Artist Biography


Wayne Thiebaud

Wayne Thiebaud was born in Mesa, Arizona, in 1920, but spent most of his youth in southern California. He admired cartoons and comic strips from a young age and began his career as a commercial artist in his teens. He worked as a sign painter and apprenticed as an animator for The Walt Disney Studios before serving in the United States Army Air Force during World War II. After his service, he continued to work as a commercial artist—designing movie posters, making cartoons, and working in advertising— before pursuing the study of fine art in the late 1940s.

Studying under the G.I. Bill, Thiebaud earned his bachelor’s and master’s degree from the California State University in Sacramento. While still in graduate school he began his teaching career, working as an art professor for eight years at Sacramento Junior College before joining the faculty of the University of California Davis. Thiebaud has enjoyed a long and distinguished career as a teacher, and although he retired at age seventy, he continues to give popular classes today as professor emeritus. Apart from a sabbatical year spent in New York in the late 1950s, Thiebaud has lived and worked in California for his entire career.

By the early 1960s, Thiebaud had begun painting the works for which he is best-known, depicting everyday consumer objects in bright colors, such as cakes, pies, hot dogs, candies, gumball machines, toys, and pieces of clothing as they are seen in store windows. Drawing from nostalgic recollections of bakeries and diners from his youth, Thiebaud often painted these objects from memory rather than from direct observation.

In order to heighten their chromatic intensity, he outlines his forms in radiant, rainbow colors that create a halo-like effect. Working with thick, creamy paint, Thiebaud often spotlights his objects against pale backgrounds with the well-defined shadows characteristic of advertisements. In addition to his still lifes, Thiebaud also frequently paints portraits in the same style, depicting sober-faced figures set against light, empty backgrounds.

In 1962, Thiebaud achieved critical and commercial success with his breakthrough show at the Allan Stone Gallery in New York, followed by his first solo museum show at the de Young Museum in San Francisco. Although he is often classified as an American Pop painter—and he was included in the historic and groundbreaking
show of 1962, “New Painting of Common Objects,” at the Pasadena Art Museum, that helped establish the movement—Thiebaud never embraced the concept of Pop art and preferred to describe himself as a traditional painter of illusionistic forms. Disregarding the art trends and movements over the past fifty years, Thiebaud has instead pursued his distinct vision of exacting craftsmanship and meticulously rendered forms that owe more to the masters of the still life tradition than to his contemporaries.
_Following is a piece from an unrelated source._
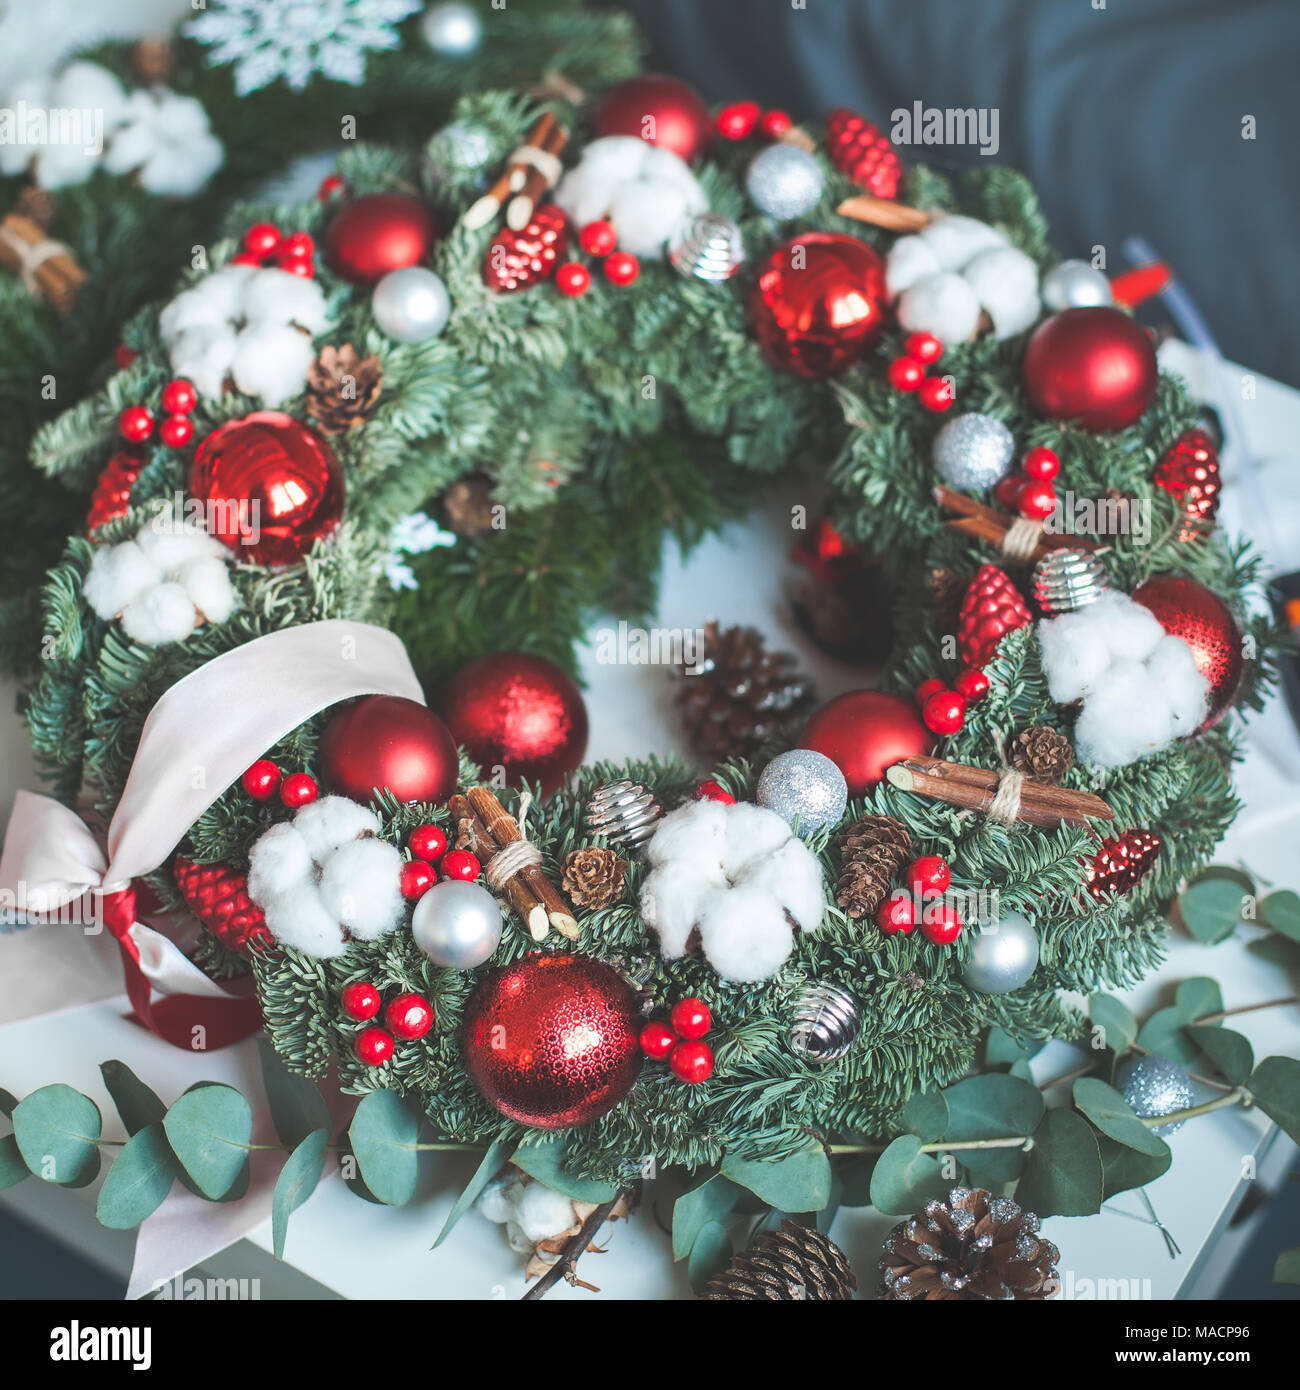 Decorazioni Natalizie Con Foglie Di Magnolia.Ghirlanda Di Natale Con Decorazioni Di Natale Evergreen Albero Di Natale Ramoscello Rosso Palle Di Vetro E Holly Bacche Foto Stock Alamy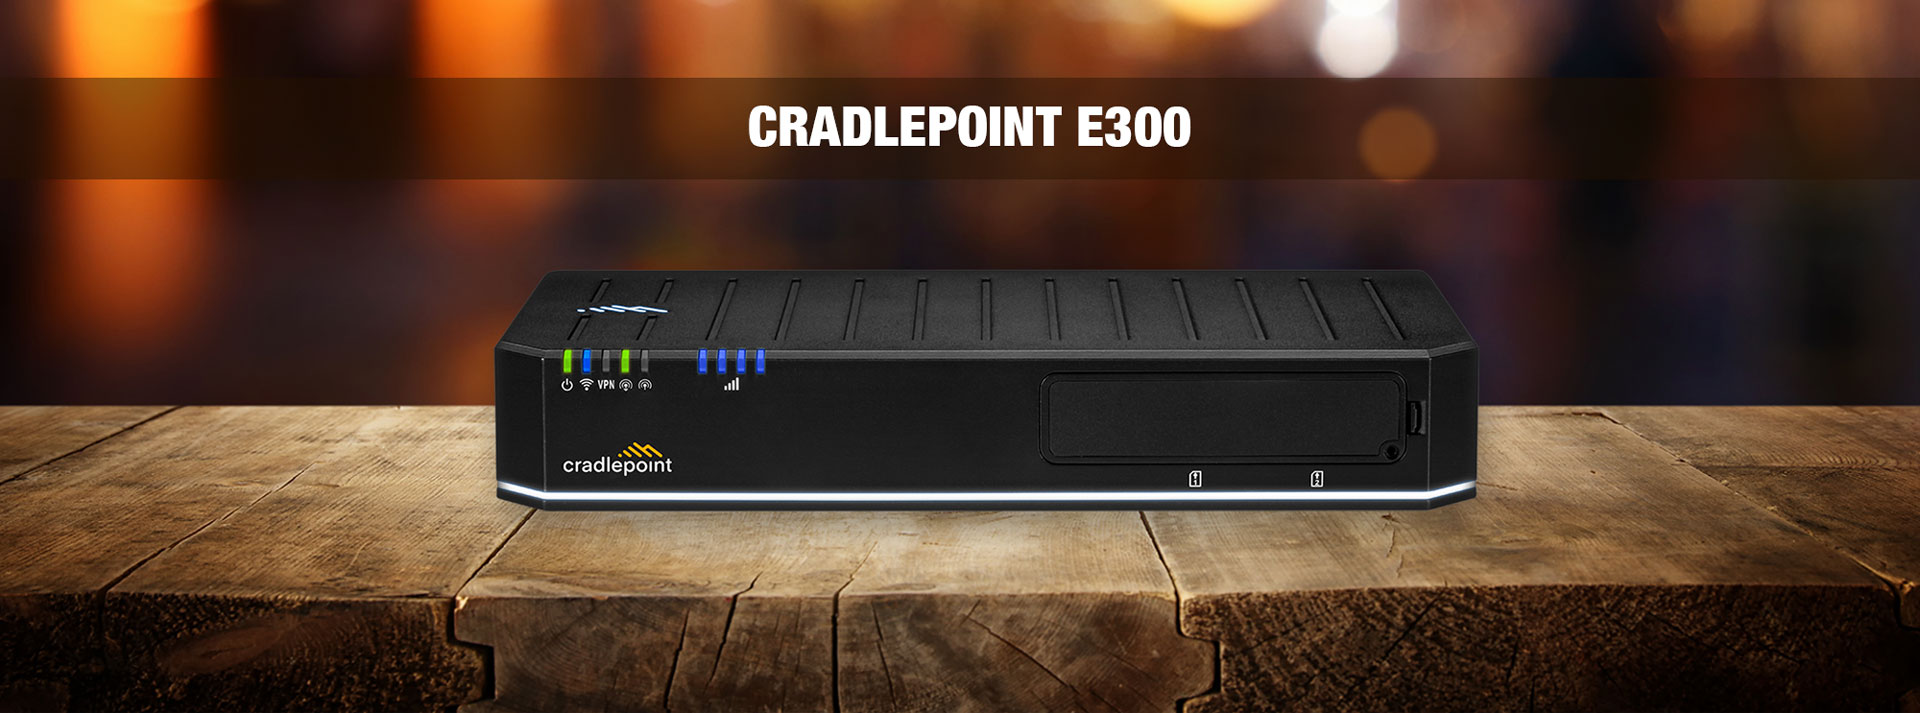 Cradlepoint E300

After settling in San Francisco in the early 1970s, Thiebaud began a series of landscapes and cityscapes, painting the steep hills and vertiginous inclines of the city in colorful, dramatic canvases. With his characteristic vibrant palette and meticulous painterly technique, he represented dizzying, unexpected views of San Francisco’s streets and buildings. In the late 1990s he began a series of landscapes of the Sacramento River Delta, painting the watery landscape and surrounding fields in pools of unexpected, vibrant hues. Rejecting traditional perspective, he largely disregarded the sky or horizon line in favor of flat, aerial views. Most recently, Thiebaud has painted a series of mountains, depicting unusual close-up and cross section views of fantastic, towering summits with luminous colors and rich textures.

Alongside these landscapes and cityscapes, Thiebaud has continued to paint his signature still lifes of consumer goods. Experimenting with color, texture, light, and composition, he has repeatedly tackled the same subjects to challenge and explore the formal possibilities of painting.

In October-November 2012, Acquavella Galleries held its first exhibition of works by Thiebaud, a retrospective of paintings and works on paper from the mid-1950s to 2012.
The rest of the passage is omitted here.